Whatever pictures appear, omit them, and repeat the data below exactly.

§ **DATASET EXTRACT**
****************

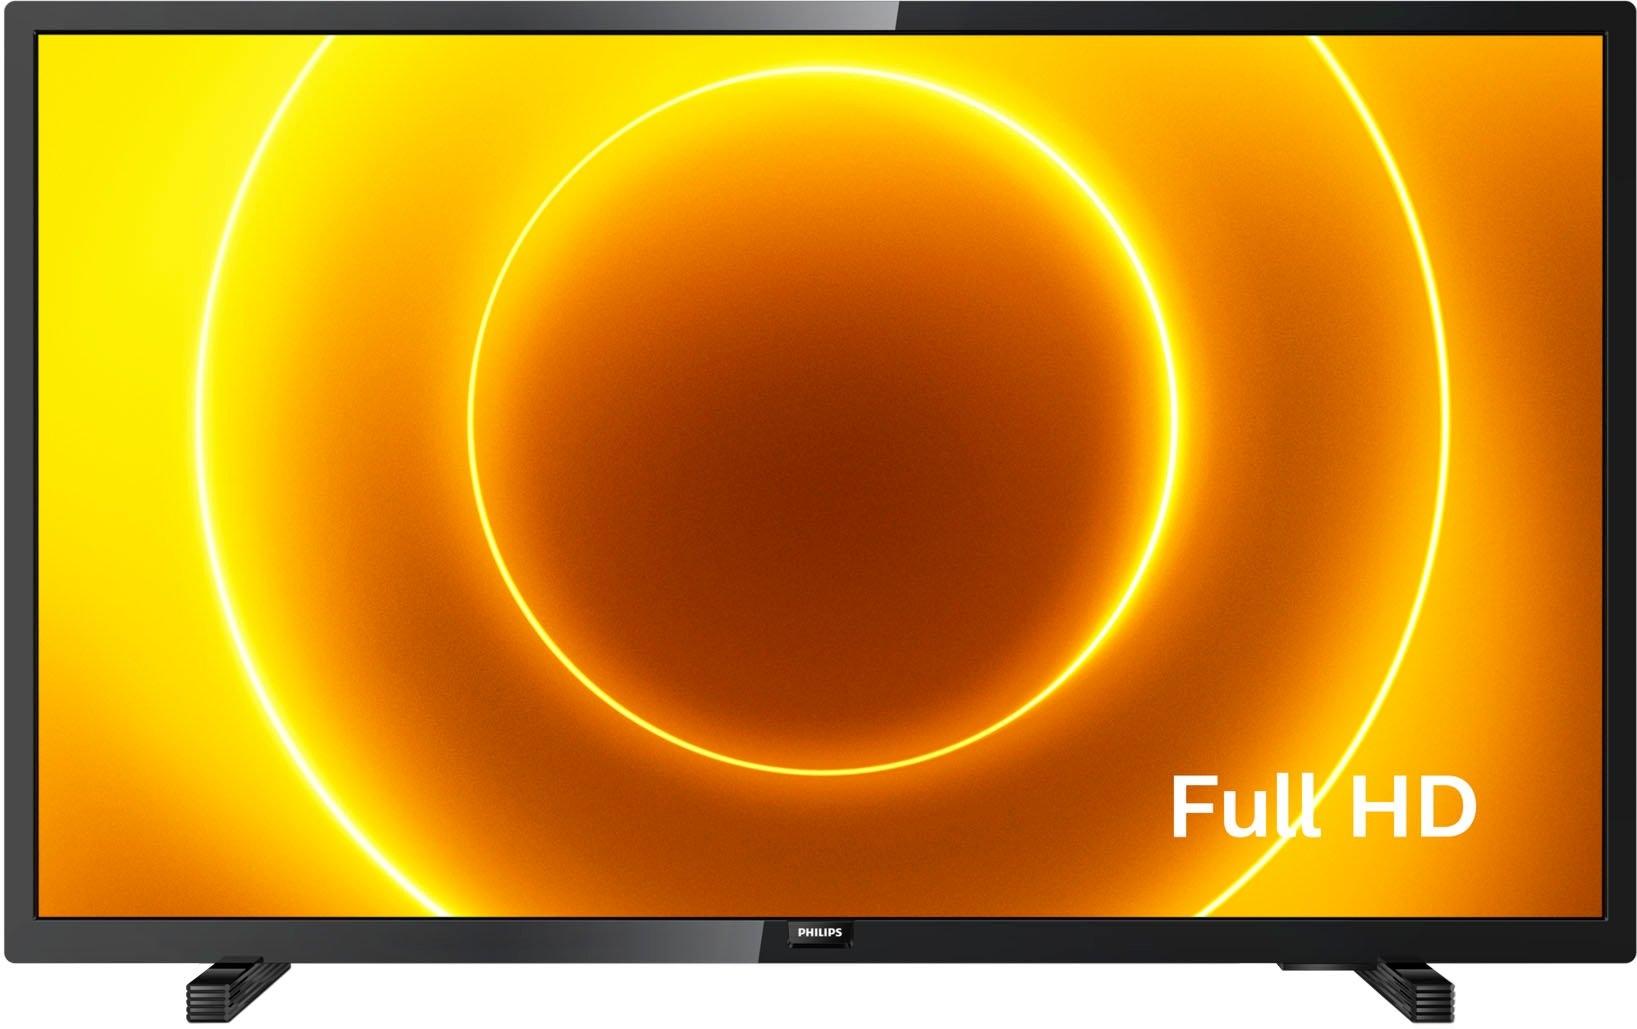 Philips »43PFS5505« LED-TV goedkoop op otto.nl kopen
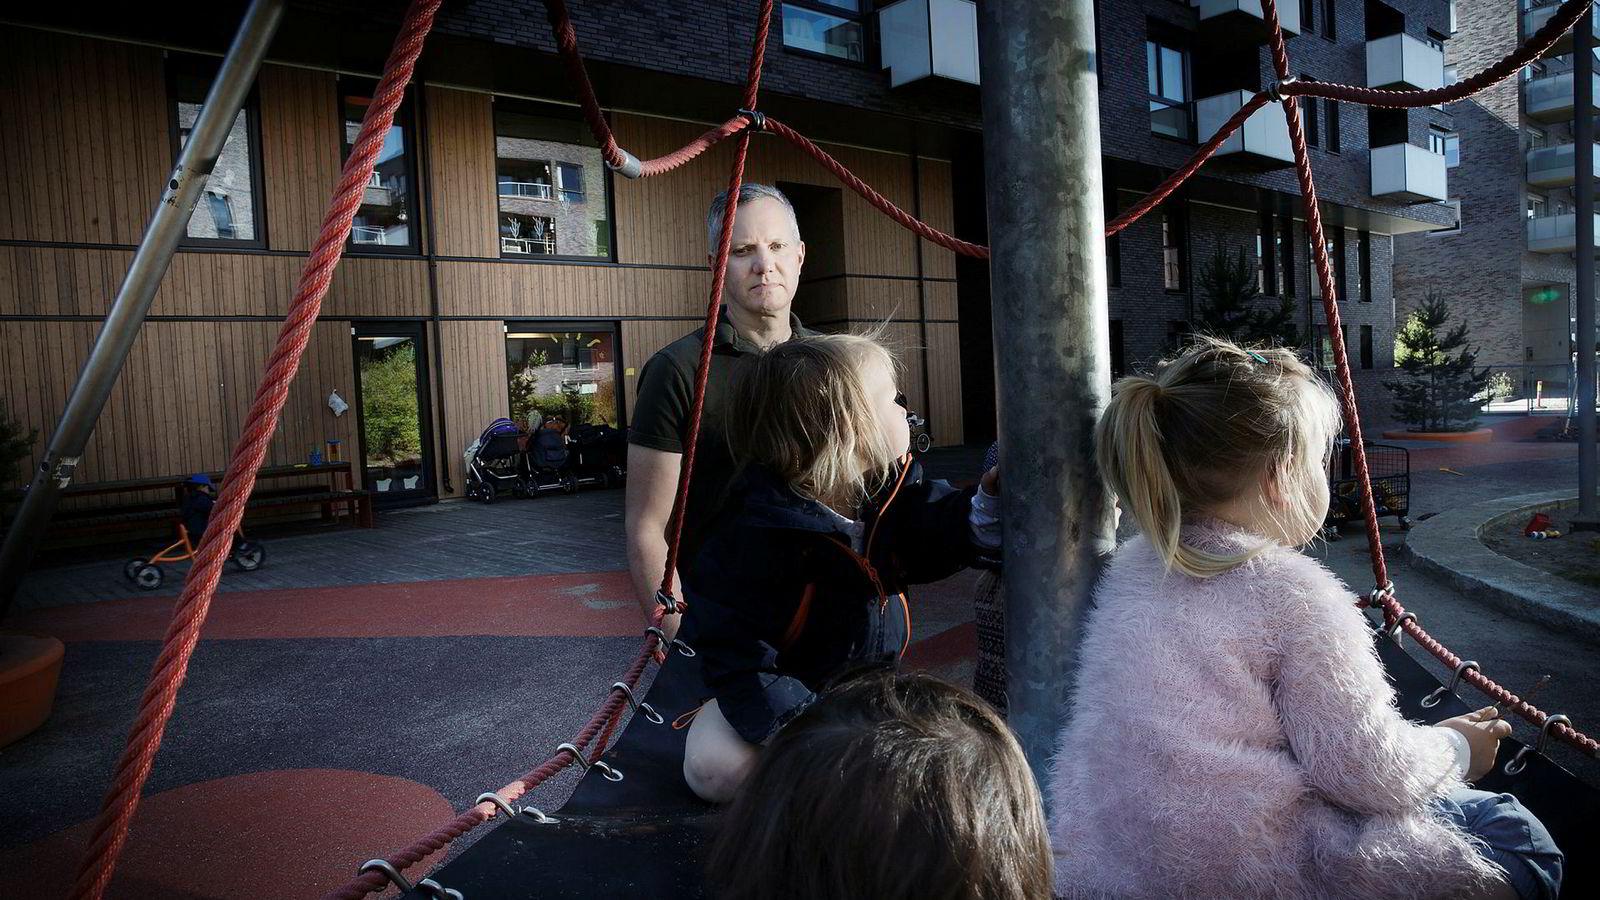 Barnehagekjempen Læringsverkstedet økte i årets ni første måneder inntektene kraftig. Gründer og toppsjef Hans Jacob Sundby må nå sørge for at barnehagene tilpasser seg den nye bemanningsnormen.
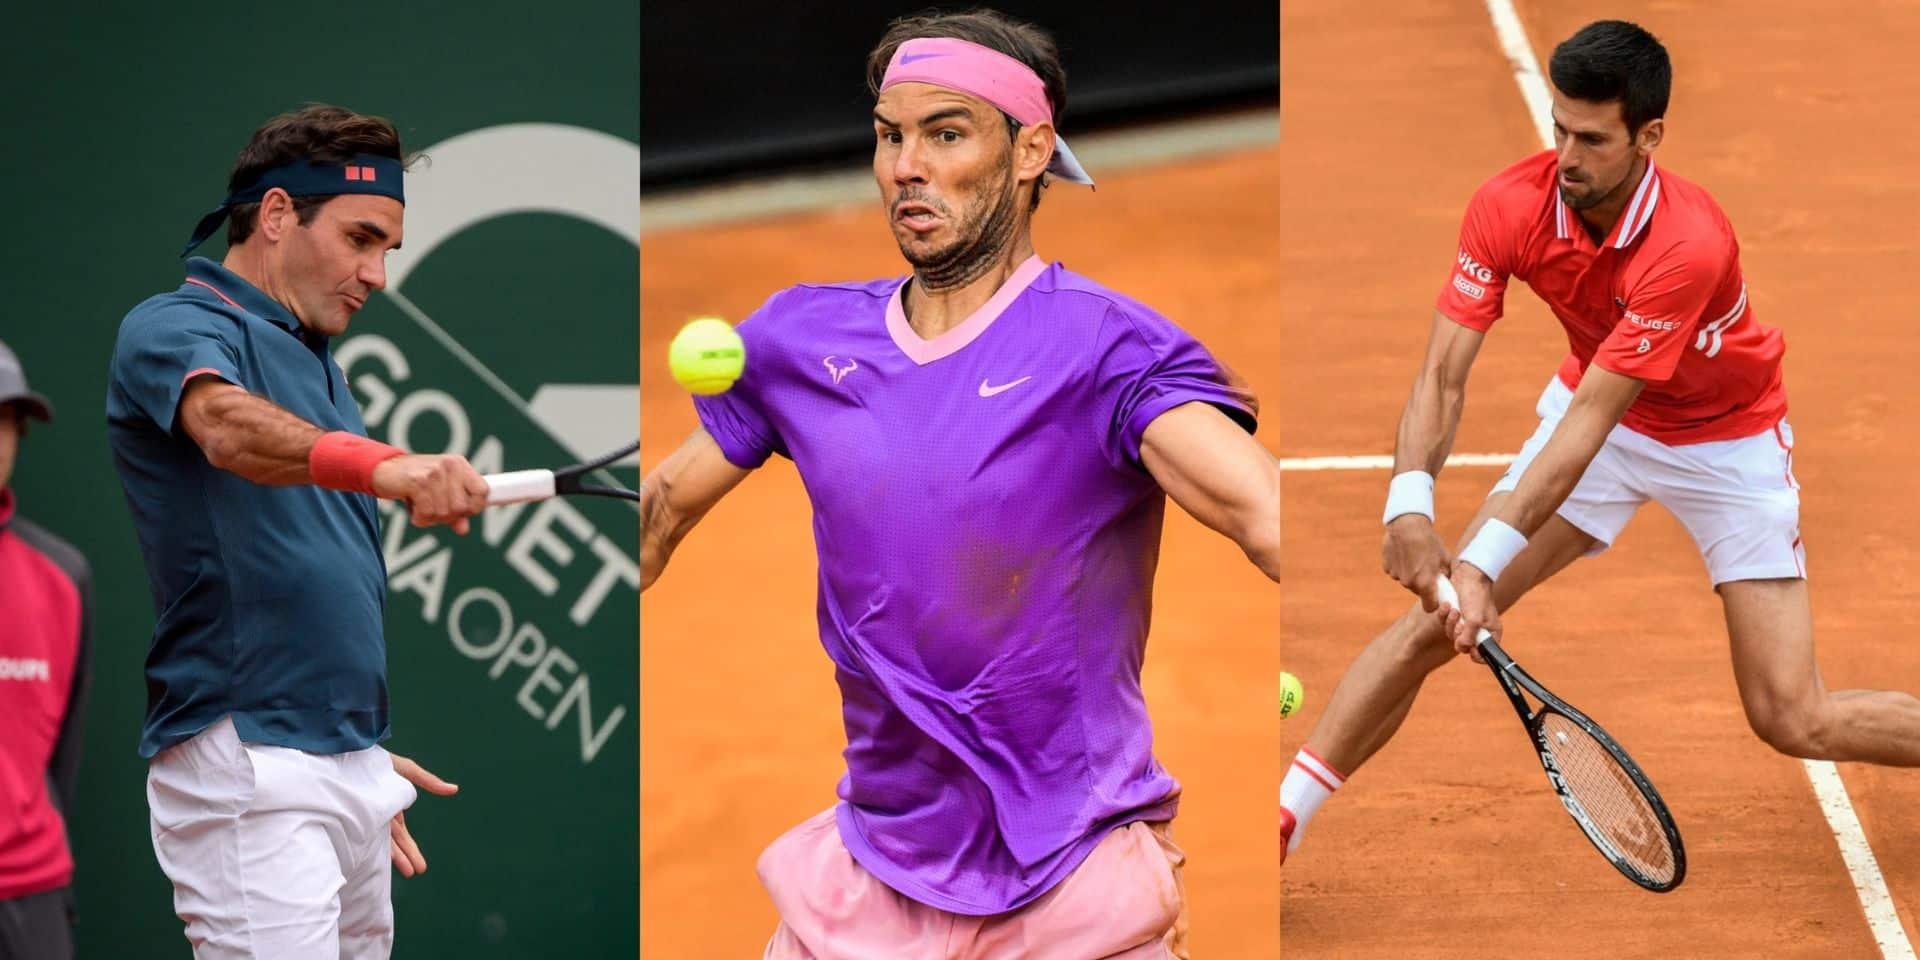 Roland-Garros: Djokovic, Nadal et Federer dans la même moitié de tableau
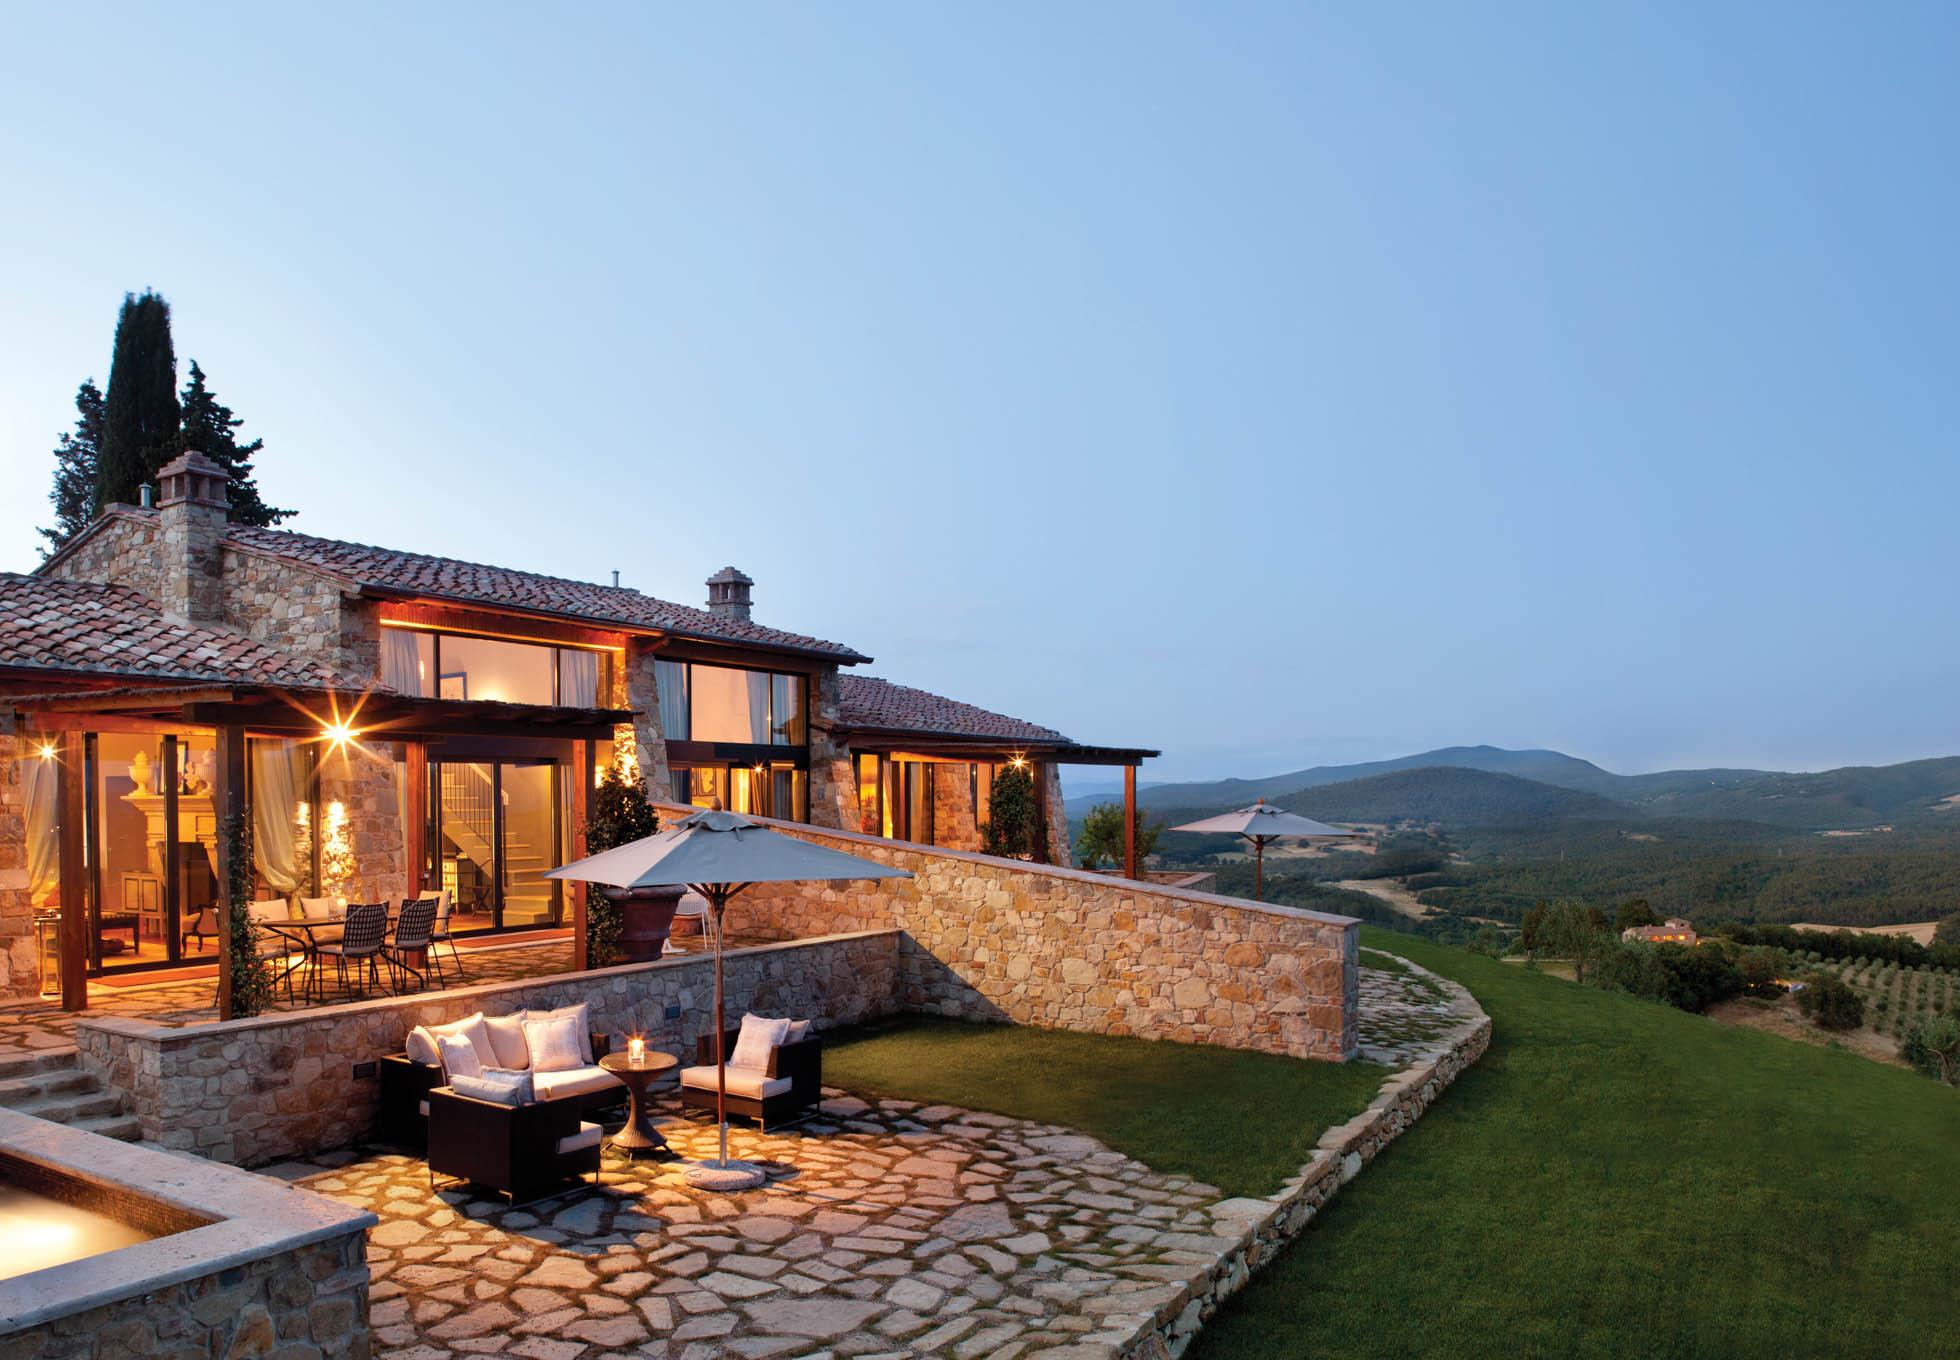 castello-di-casole-hotel-villa-scuola-exterior wide-_1960x1360.jpg

****************

§ **RESULT FOR THIS TASK**
 Philips »43PFS5505« LED-TV goedkoop op otto.nl kopen
 Barnehagekjempen Læringsverkstedet økte i årets ni første måneder inntektene kraftig. Gründer og toppsjef Hans Jacob Sundby må nå sørge for at barnehagene tilpasser seg den nye bemanningsnormen.
 Roland-Garros: Djokovic, Nadal et Federer dans la même moitié de tableau
 castello-di-casole-hotel-villa-scuola-exterior wide-_1960x1360.jpg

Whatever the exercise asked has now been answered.